Could you repeat the entries below exactly, but only from the line with "Pair of vintage" through the line with "dims are of the spoon.", and without any picture?

Source data:
________________________________________

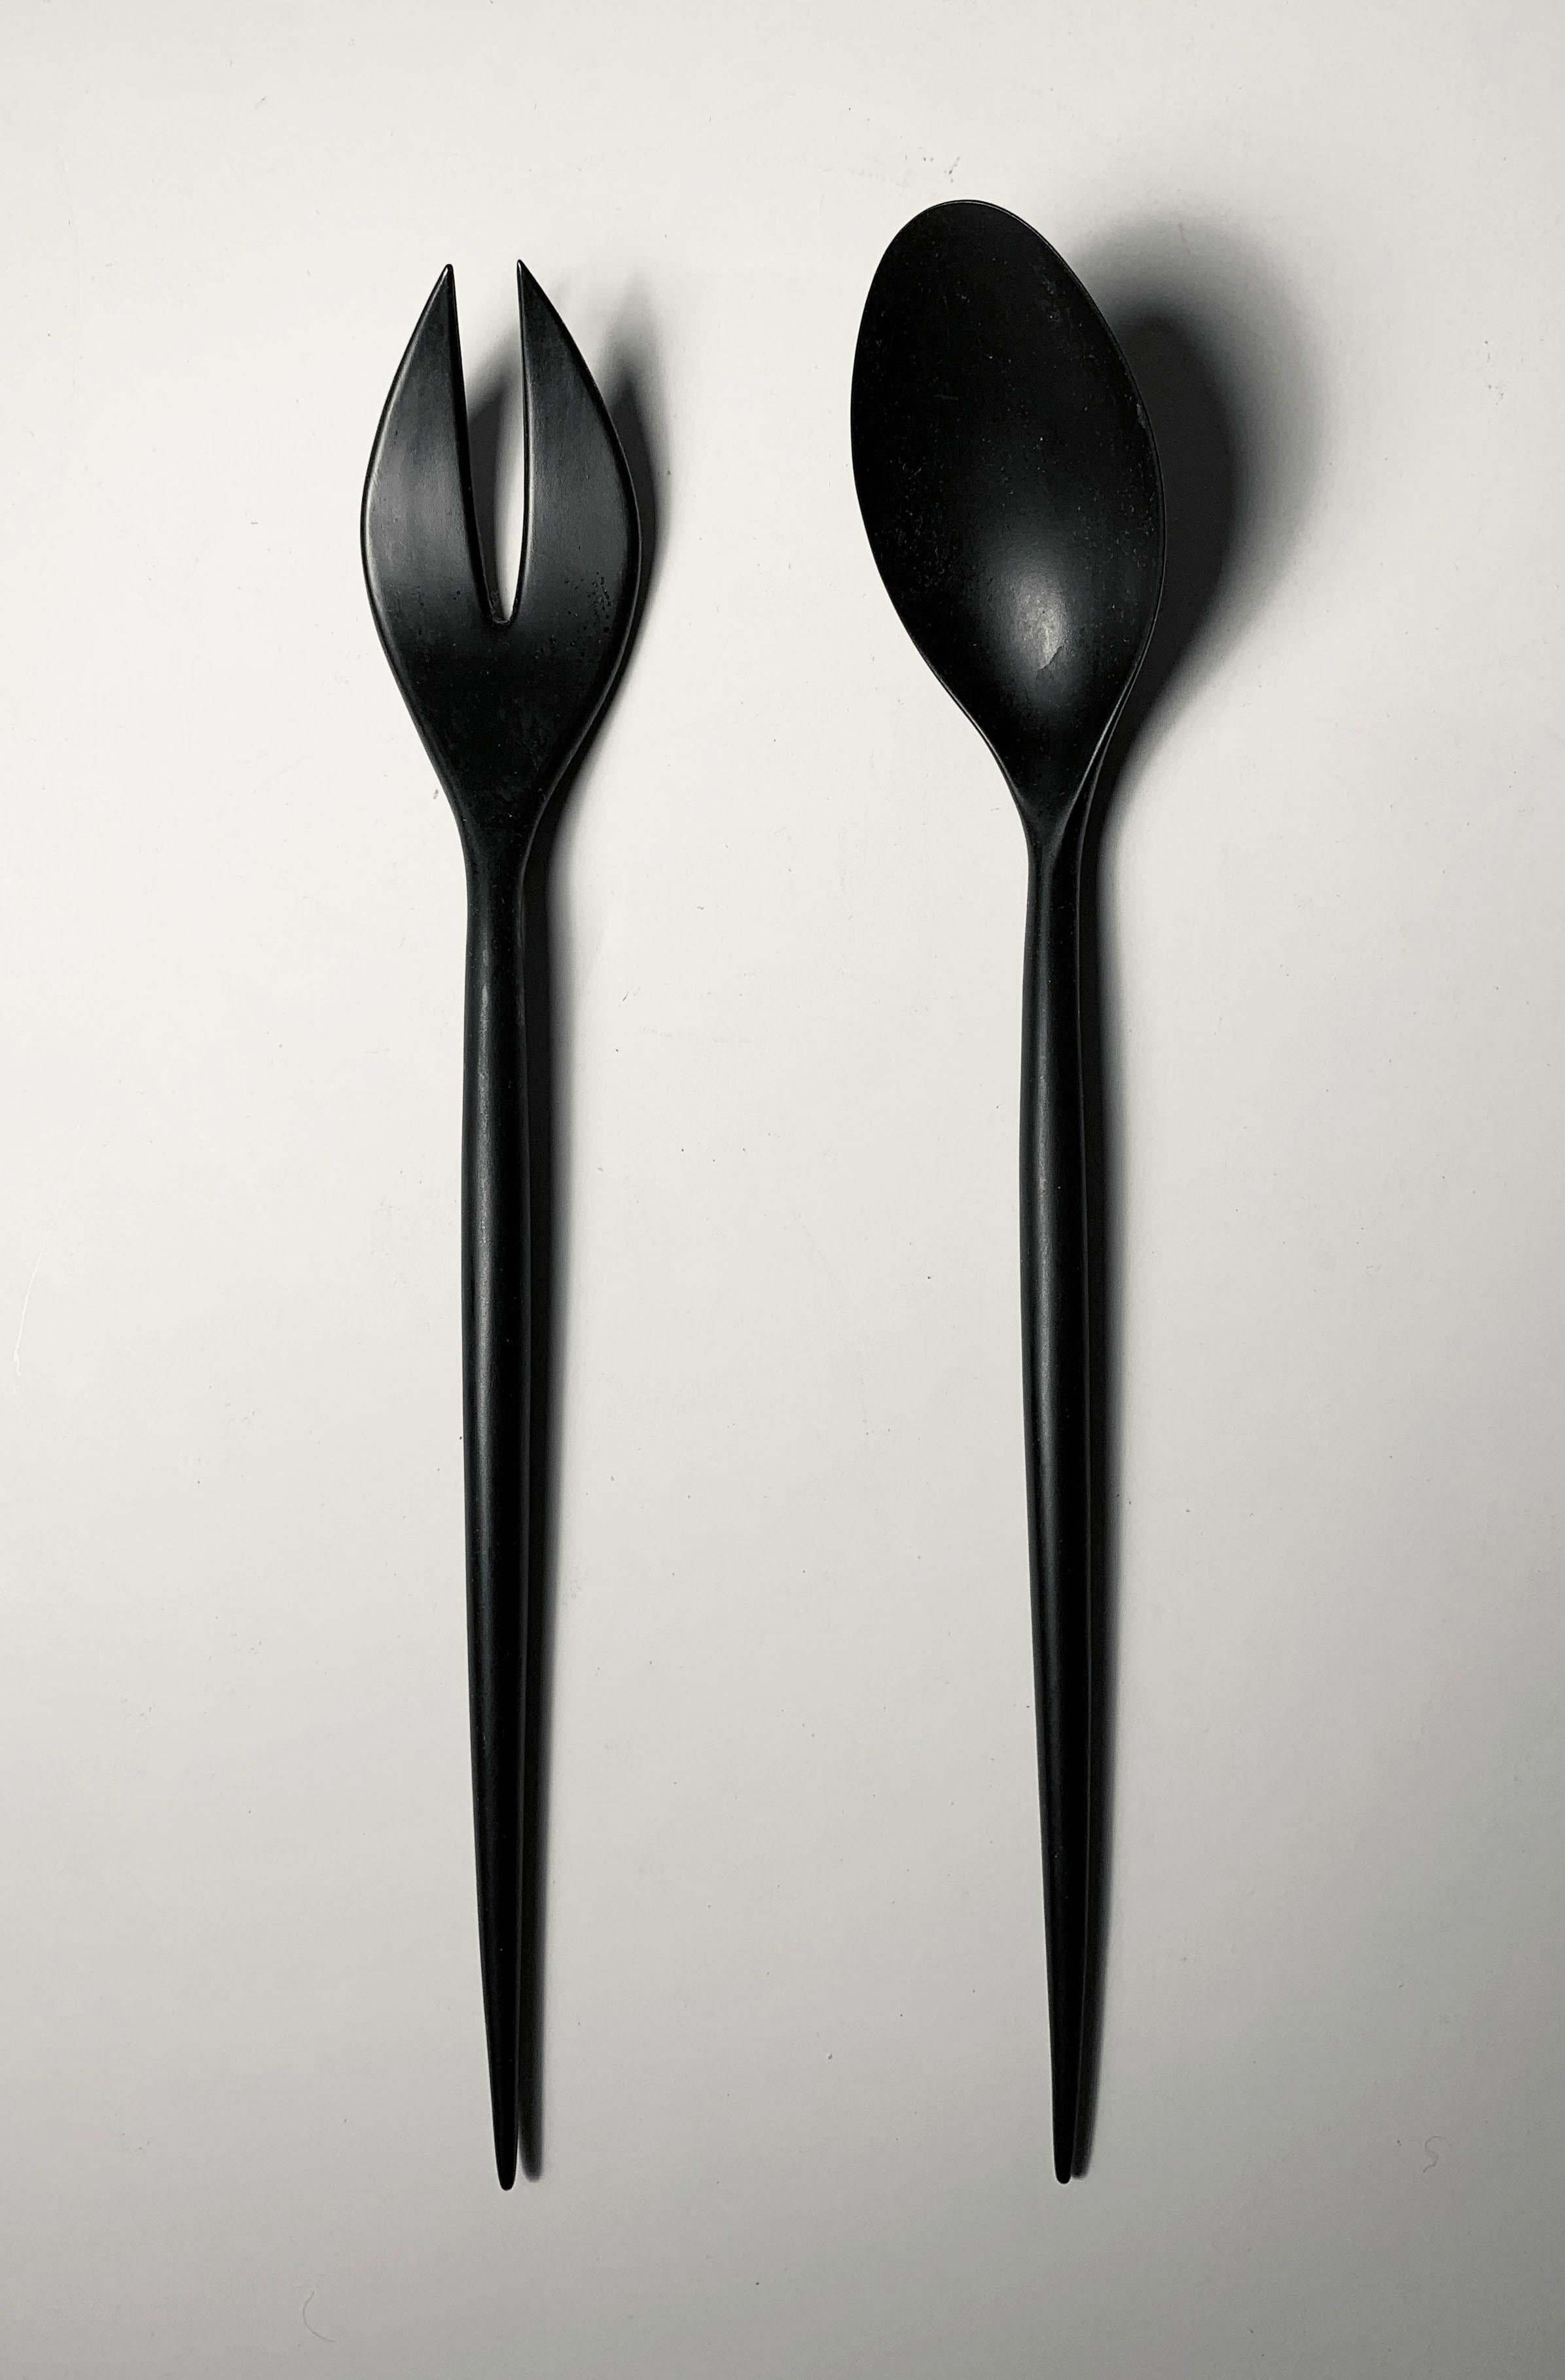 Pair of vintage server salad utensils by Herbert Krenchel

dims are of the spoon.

________________________________________

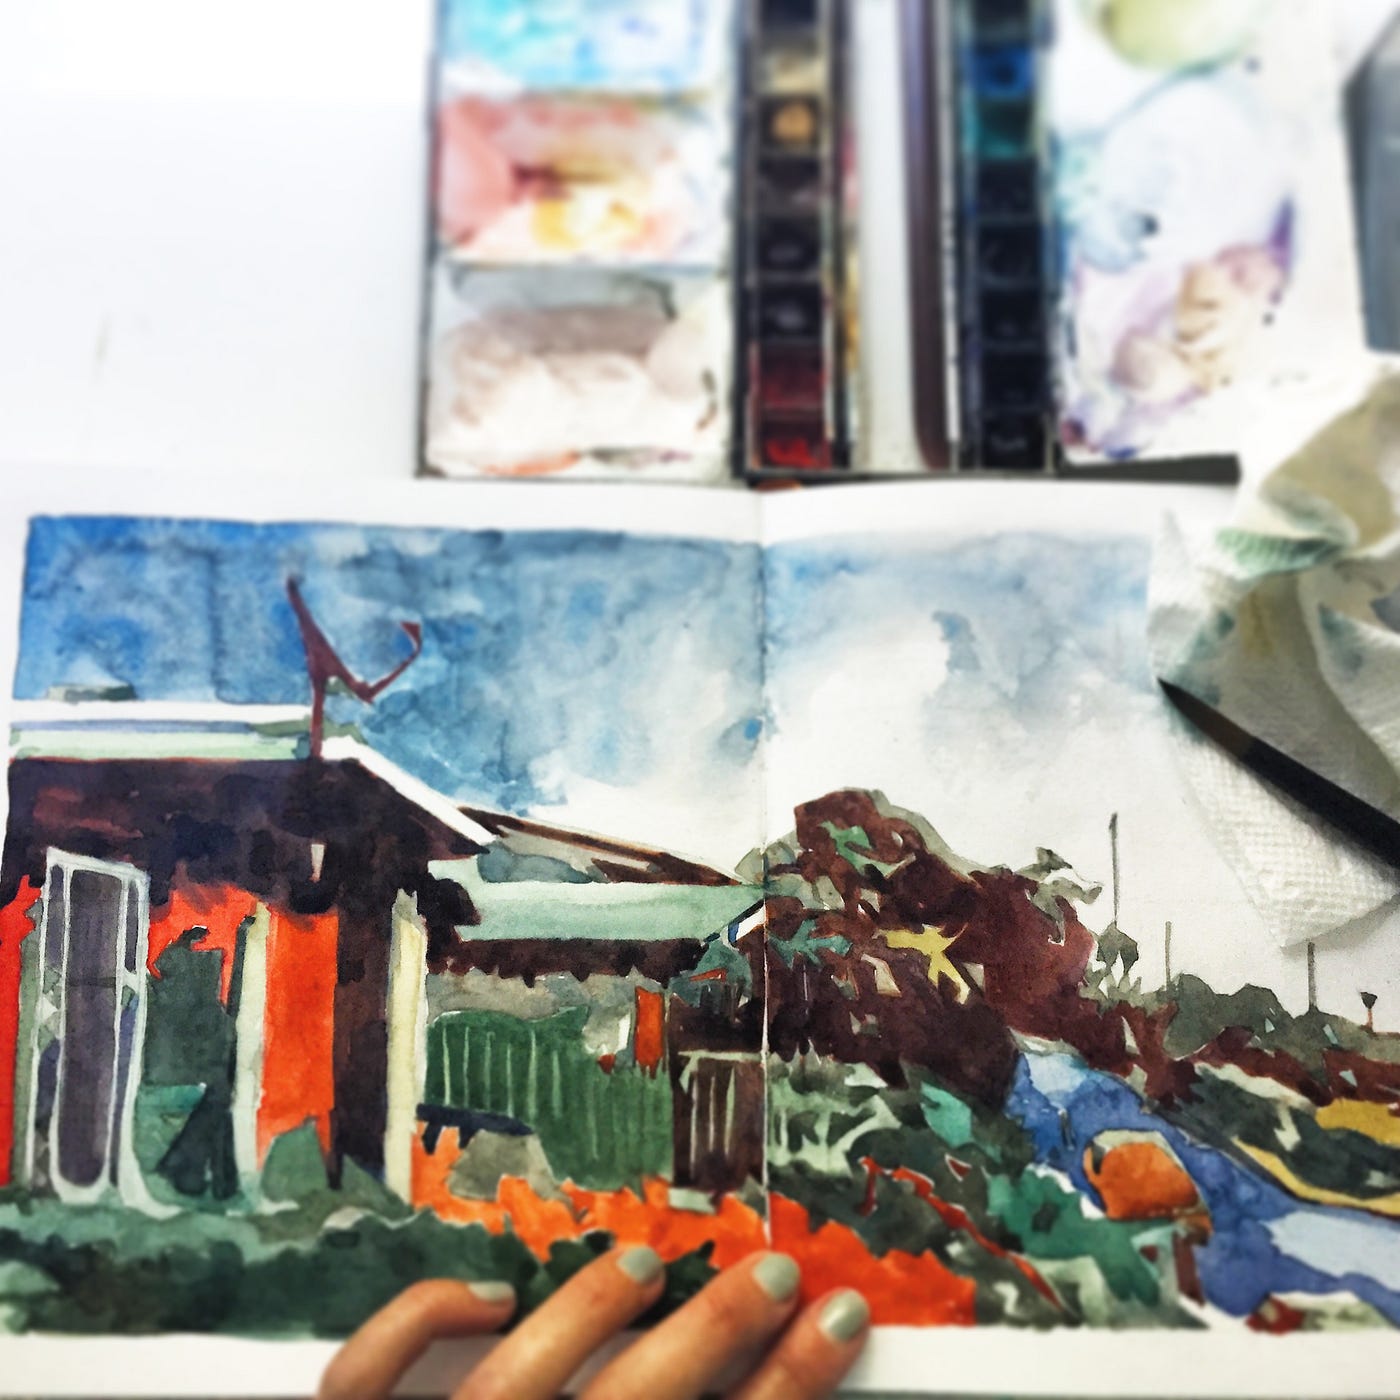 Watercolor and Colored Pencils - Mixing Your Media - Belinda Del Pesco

________________________________________

Response below:
 Pair of vintage server salad utensils by Herbert Krenchel

dims are of the spoon.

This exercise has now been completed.